Exercise description - Every line in the data below has to be repeated exactly; no picture belongs in the result.

Collected data entries:
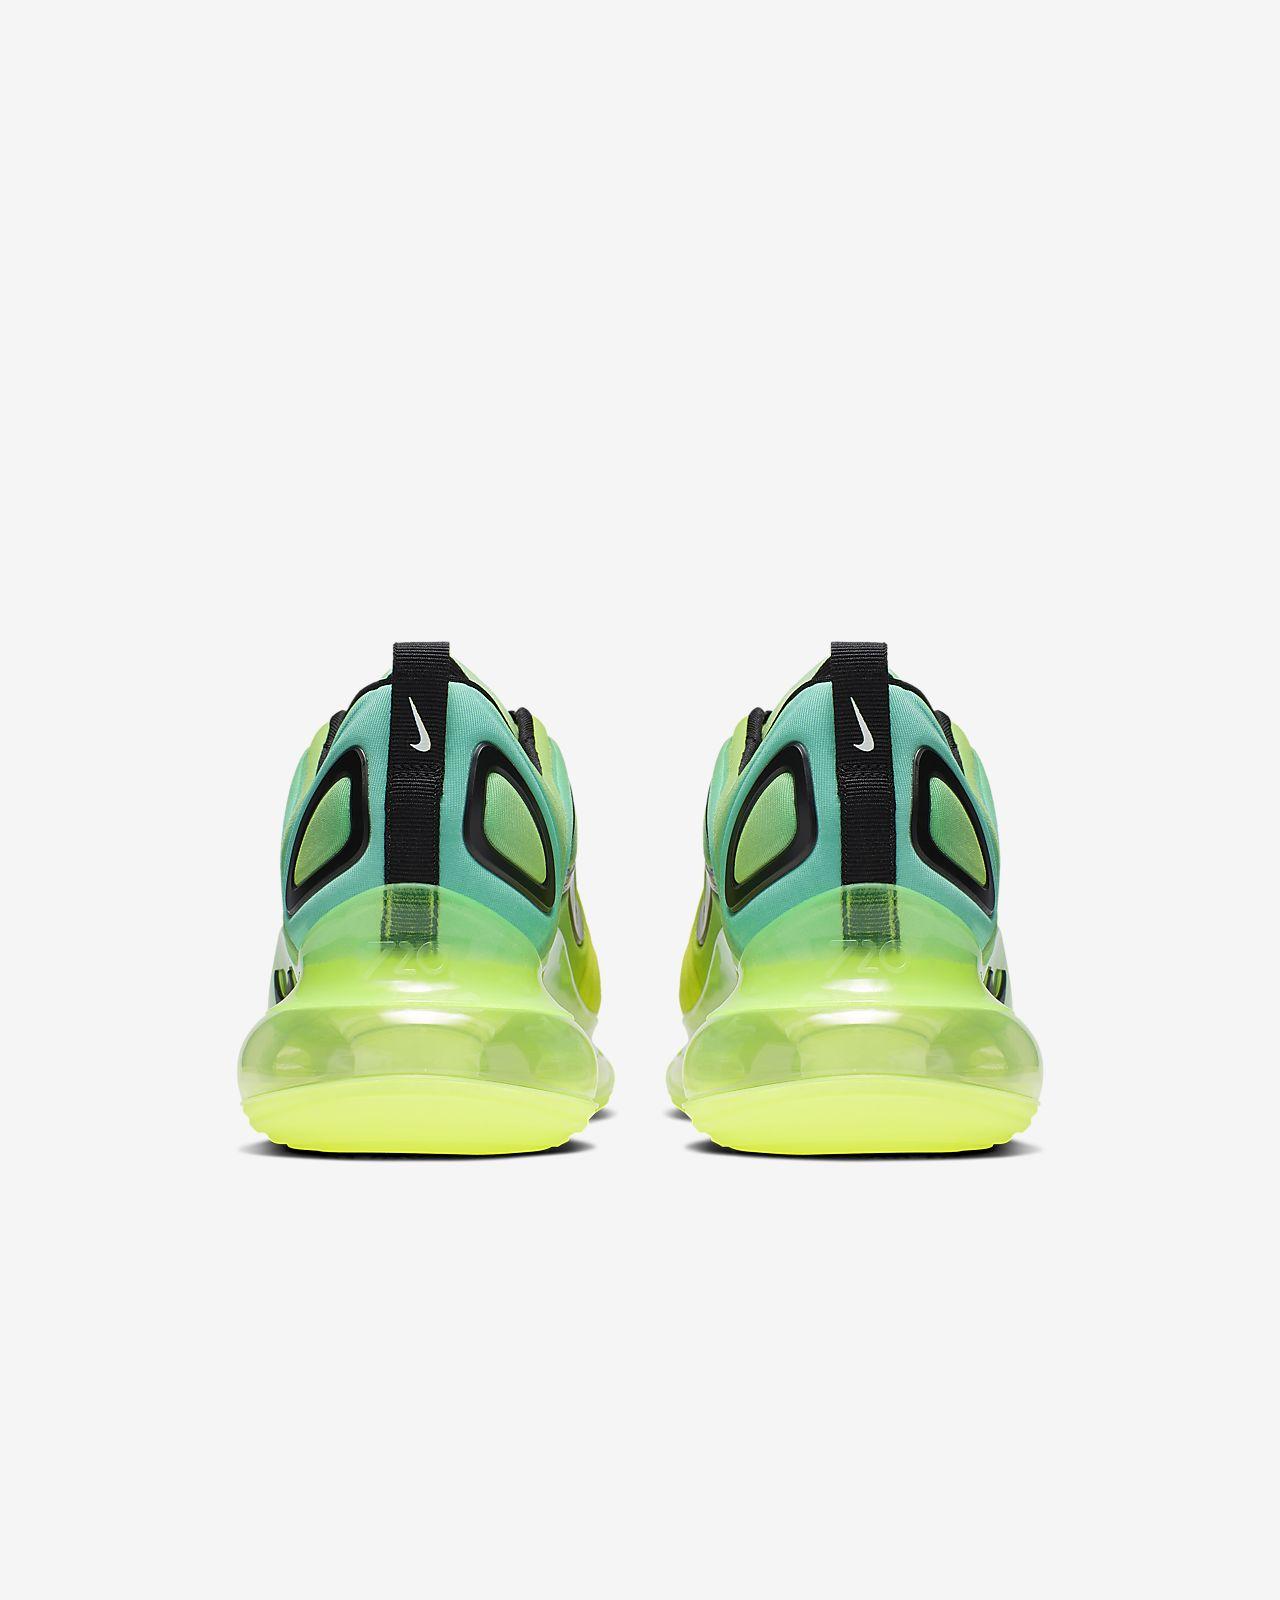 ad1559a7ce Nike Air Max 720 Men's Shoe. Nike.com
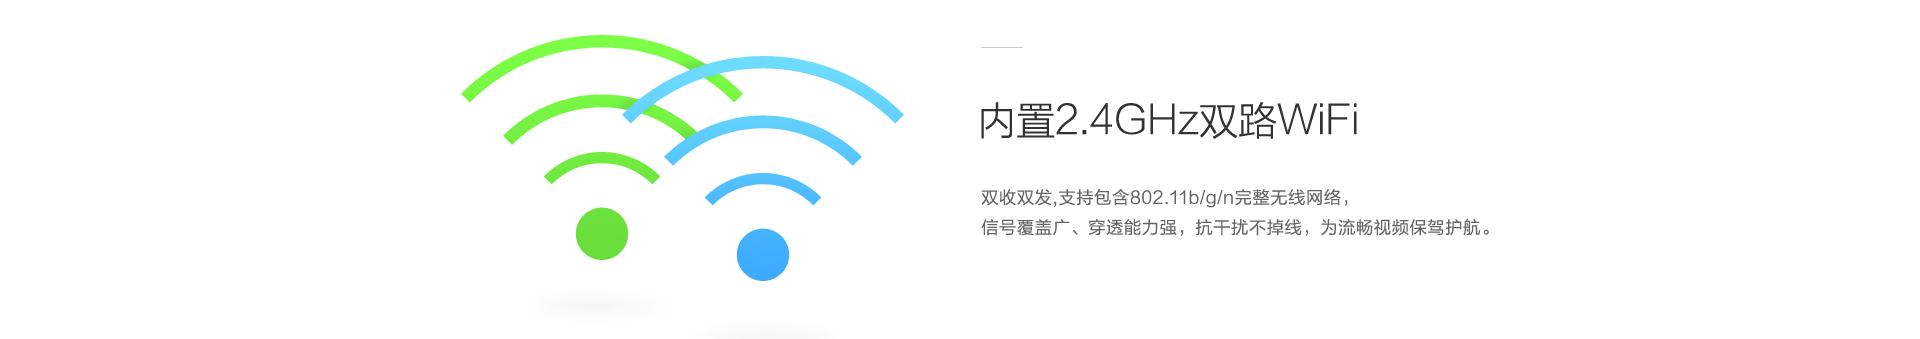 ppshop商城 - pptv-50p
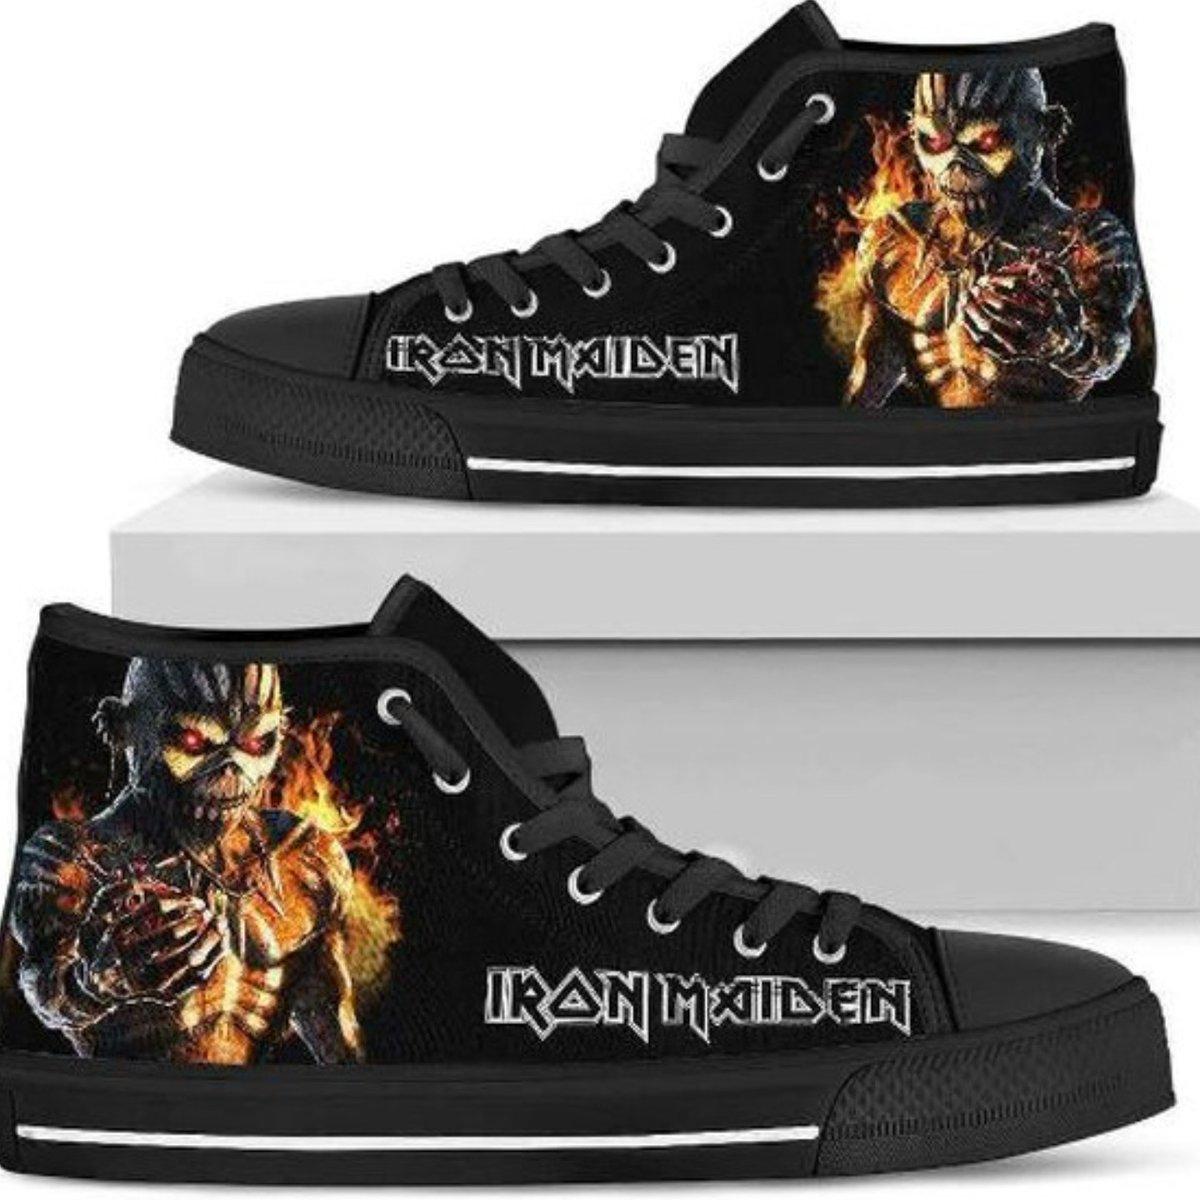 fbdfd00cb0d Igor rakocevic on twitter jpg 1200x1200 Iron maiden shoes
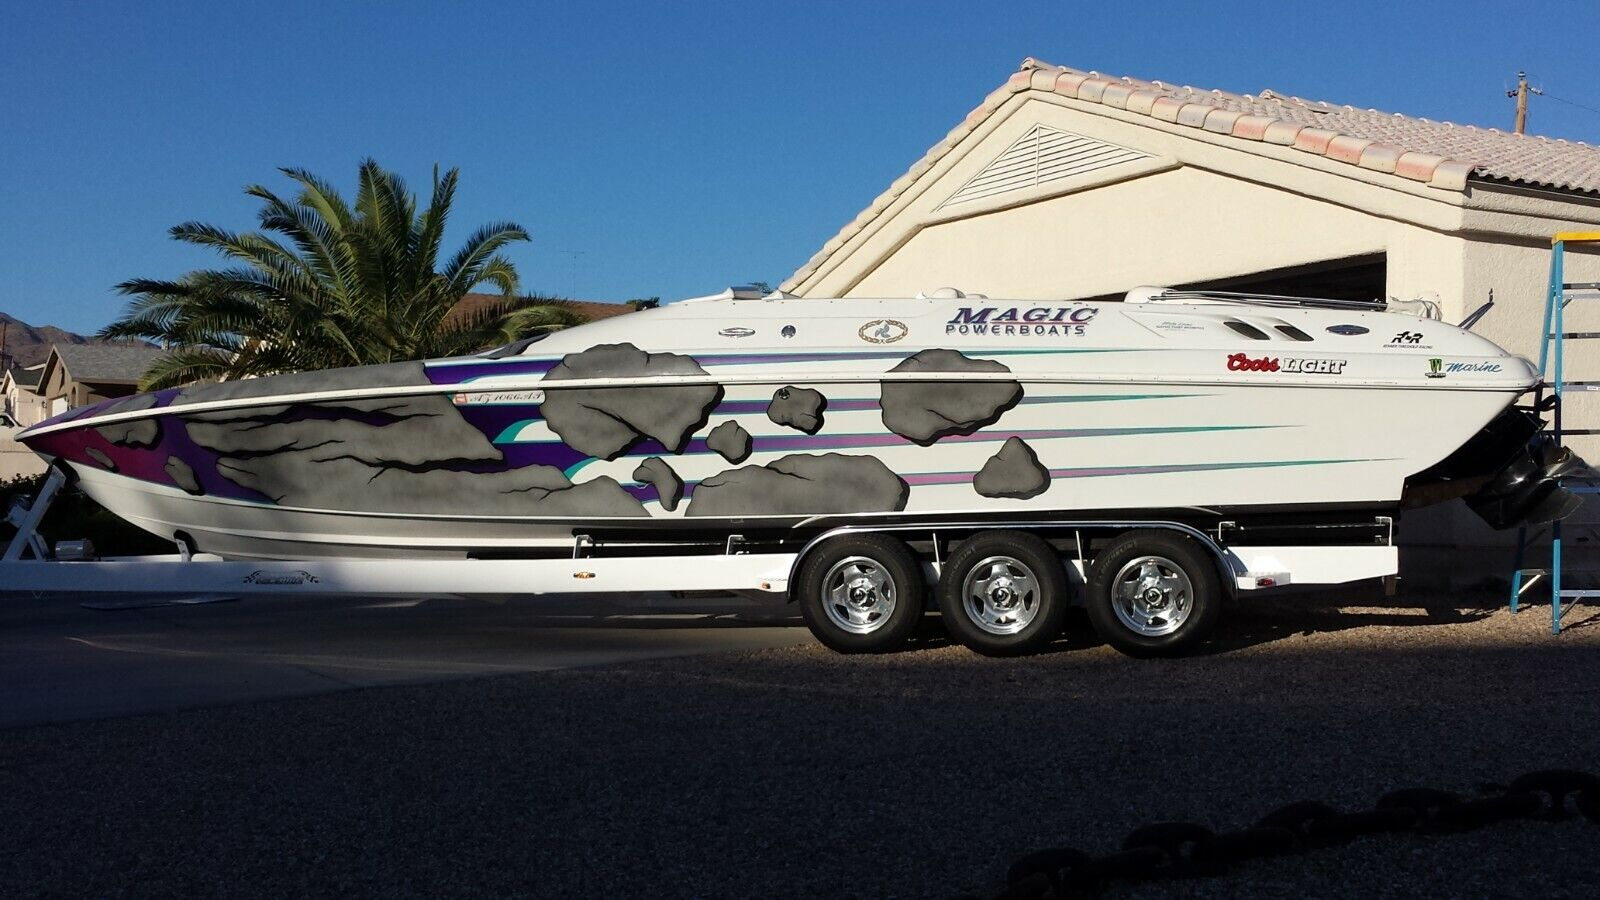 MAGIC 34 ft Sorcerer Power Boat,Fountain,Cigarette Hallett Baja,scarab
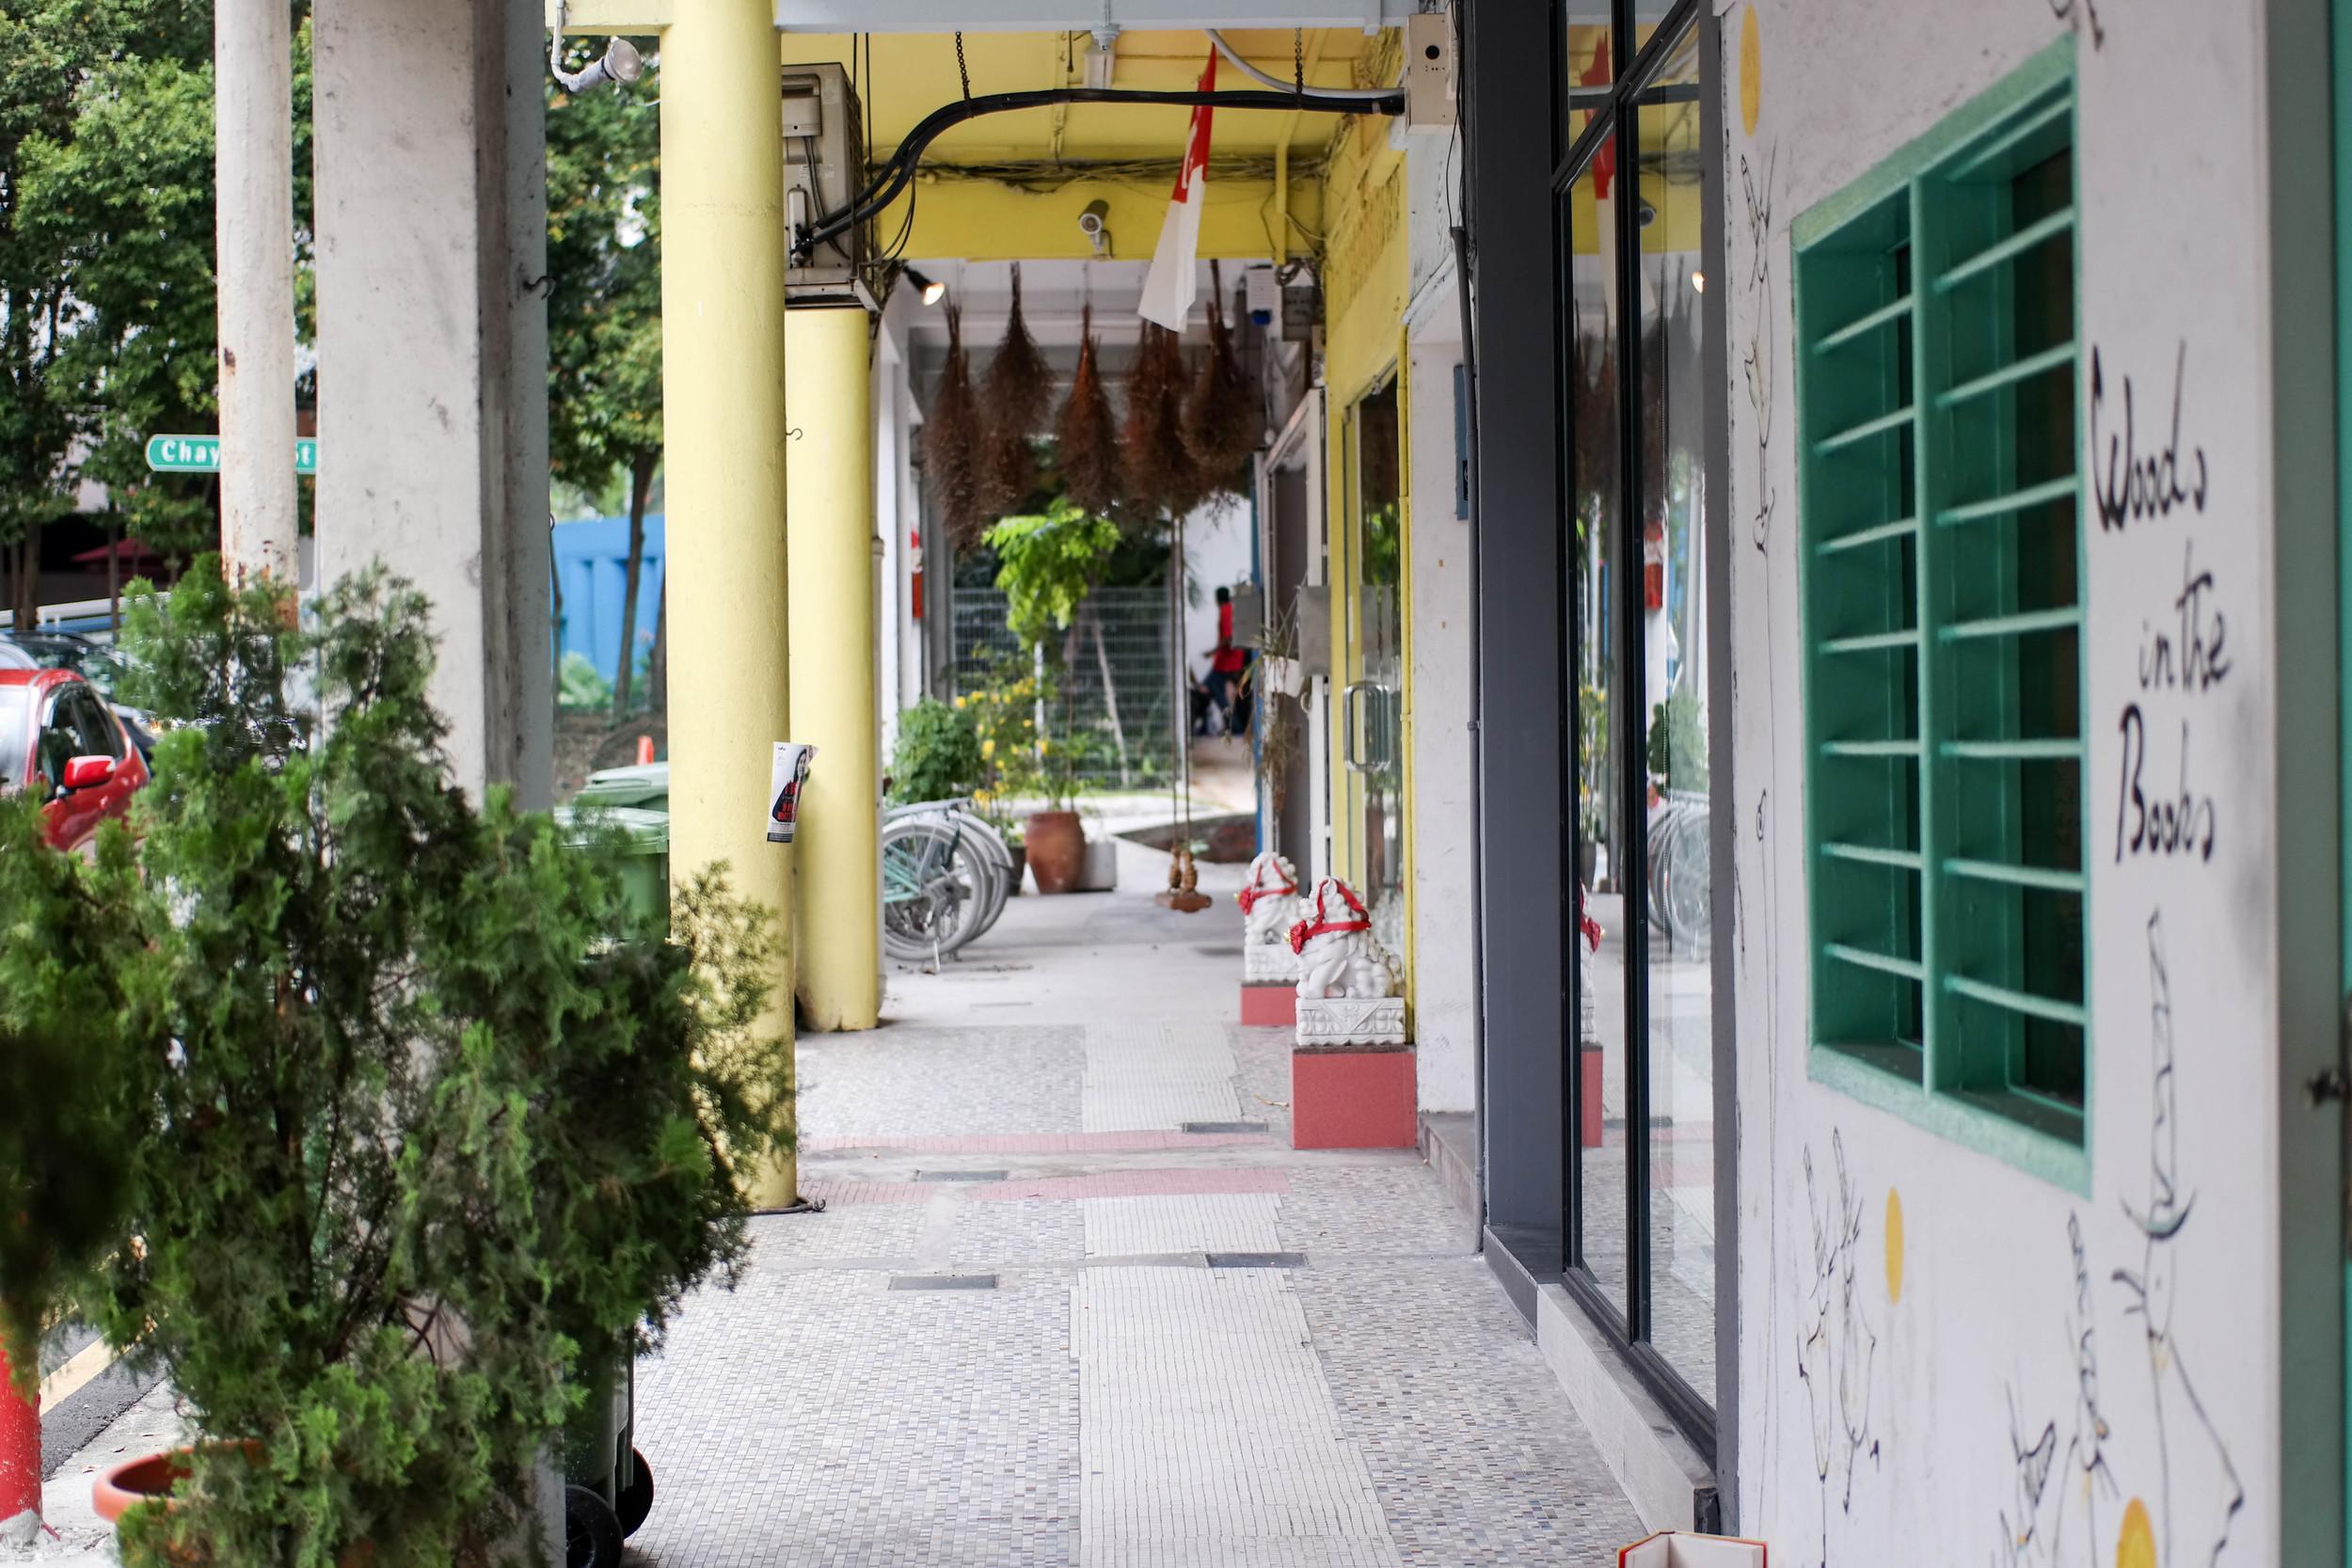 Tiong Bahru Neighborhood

Result -
 ad1559a7ce Nike Air Max 720 Men's Shoe. Nike.com
 ppshop商城 - pptv-50p
 fbdfd00cb0d Igor rakocevic on twitter jpg 1200x1200 Iron maiden shoes
 MAGIC 34 ft Sorcerer Power Boat,Fountain,Cigarette Hallett Baja,scarab
 Tiong Bahru Neighborhood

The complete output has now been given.